§ Work required: Work through the listing below and give again exactly the lines from the one with "TODO Y Q&A!" to the one with "Premium - leather slingback shoes | MANGO", both ends included. All other lines and all pictures stay out.

§ Extracted entries:
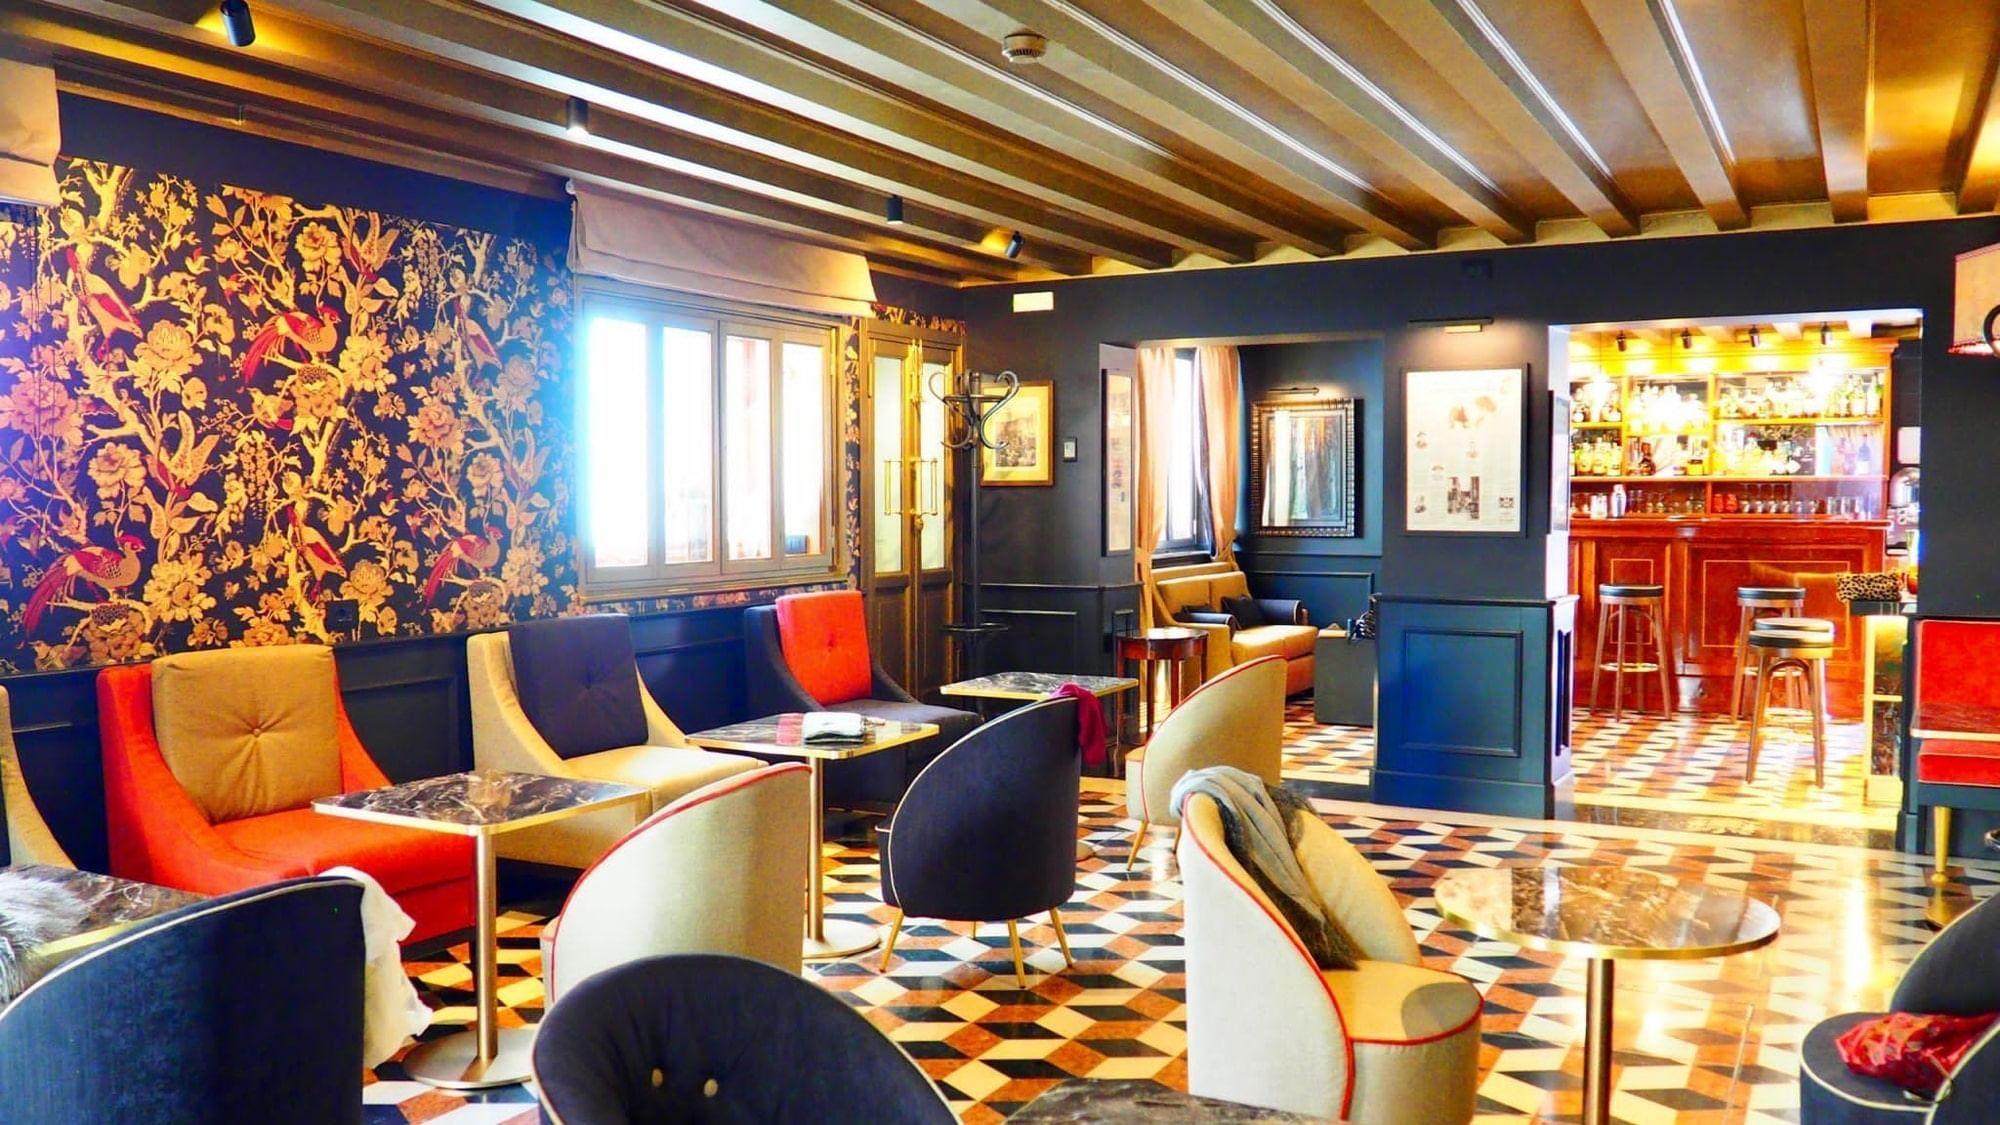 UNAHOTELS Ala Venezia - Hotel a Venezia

--

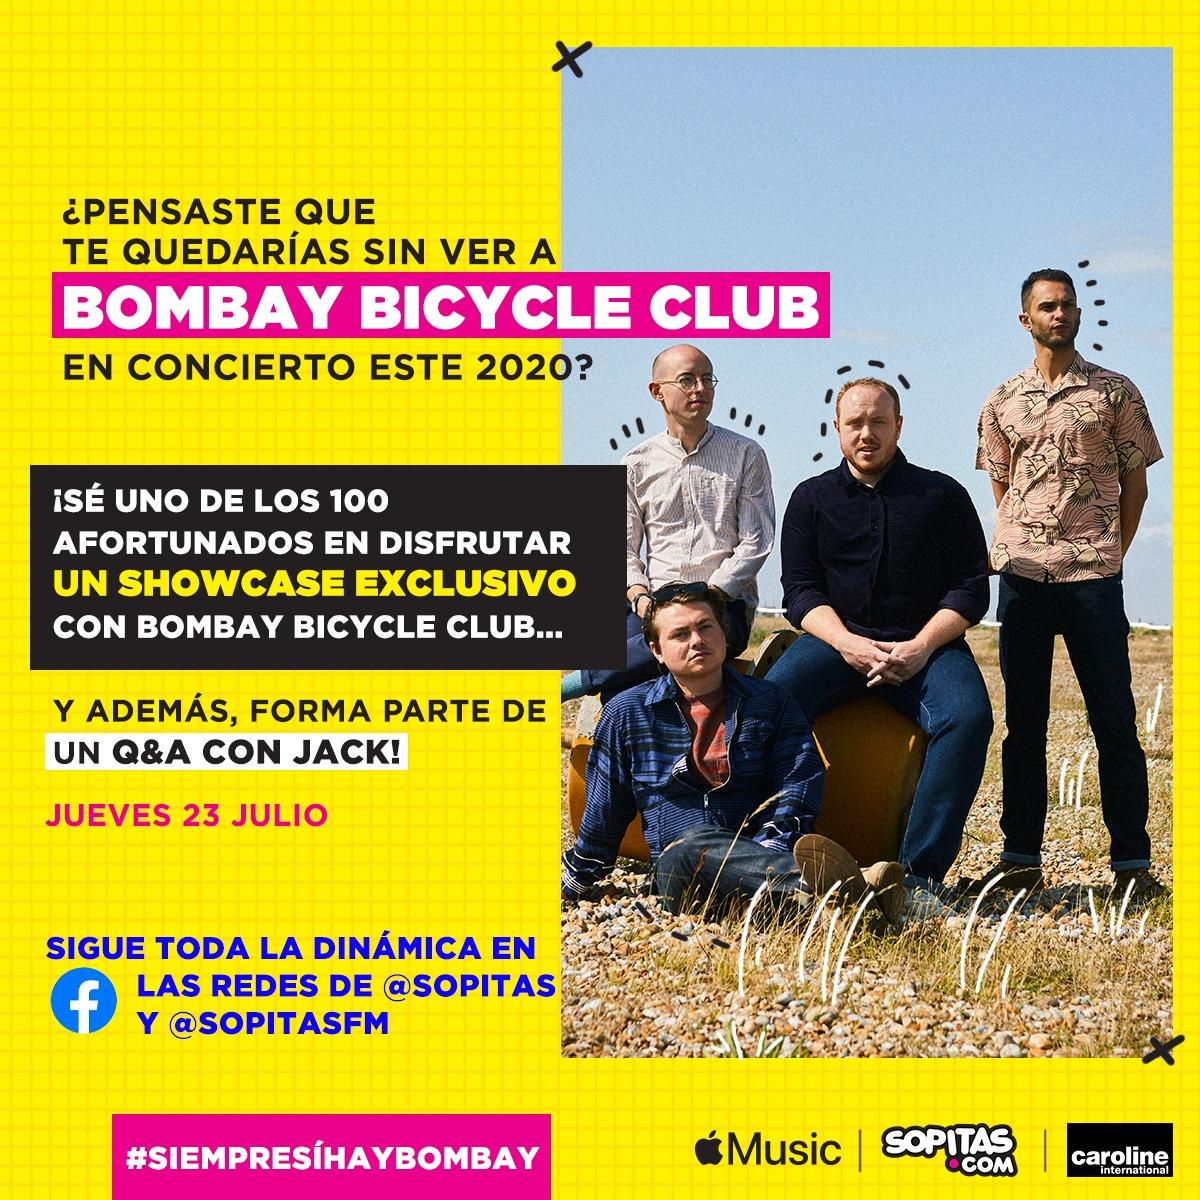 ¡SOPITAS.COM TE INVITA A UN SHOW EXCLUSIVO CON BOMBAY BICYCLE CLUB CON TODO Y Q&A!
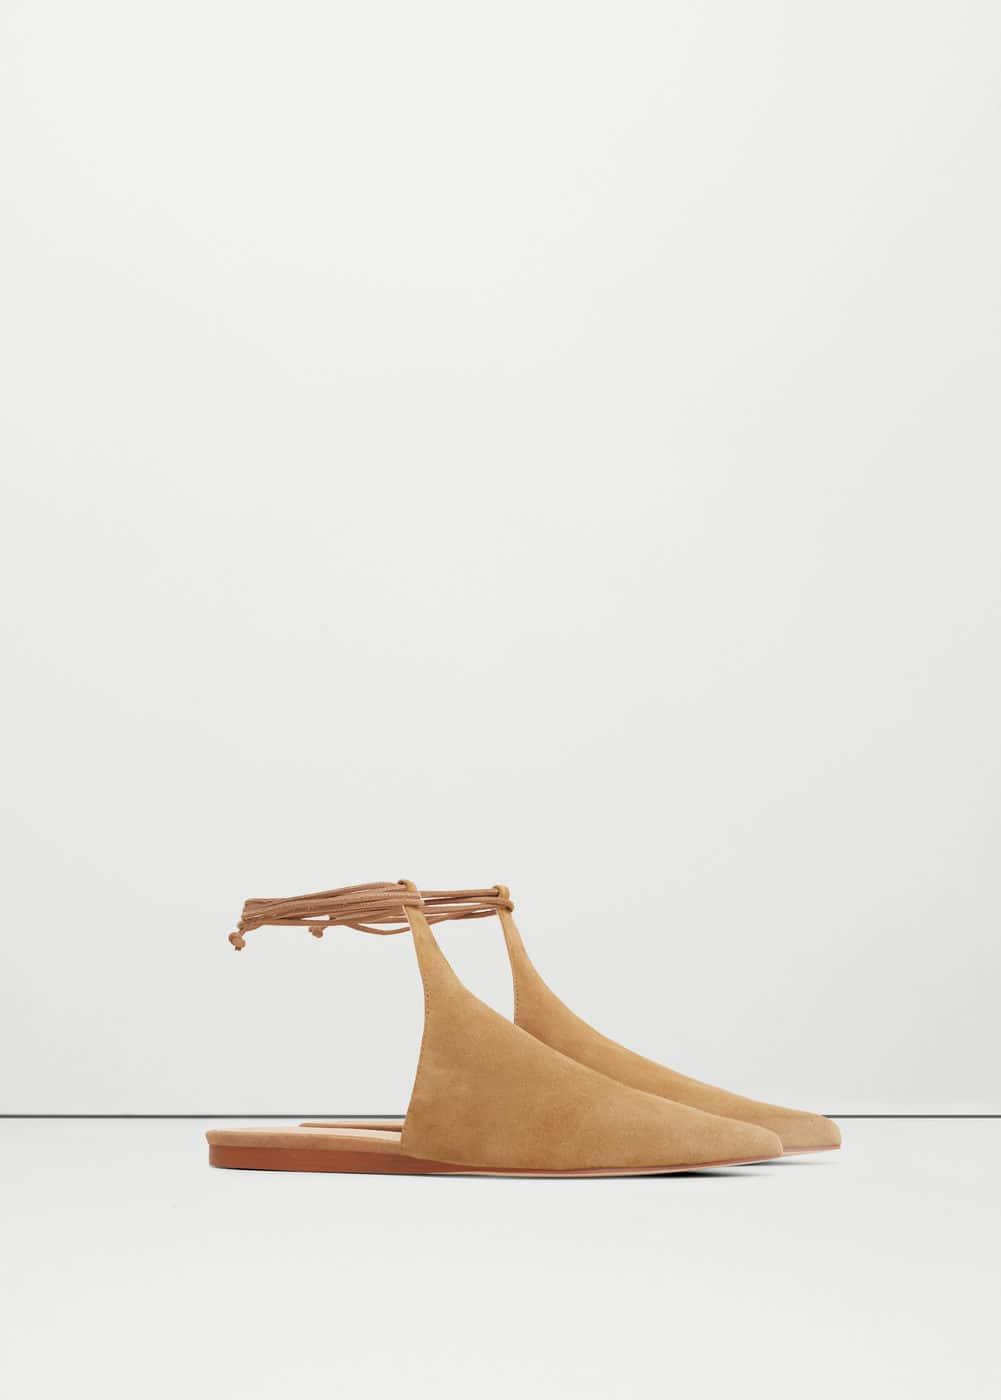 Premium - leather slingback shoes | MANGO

§ Solution to this task:
 ¡SOPITAS.COM TE INVITA A UN SHOW EXCLUSIVO CON BOMBAY BICYCLE CLUB CON TODO Y Q&A!
 Premium - leather slingback shoes | MANGO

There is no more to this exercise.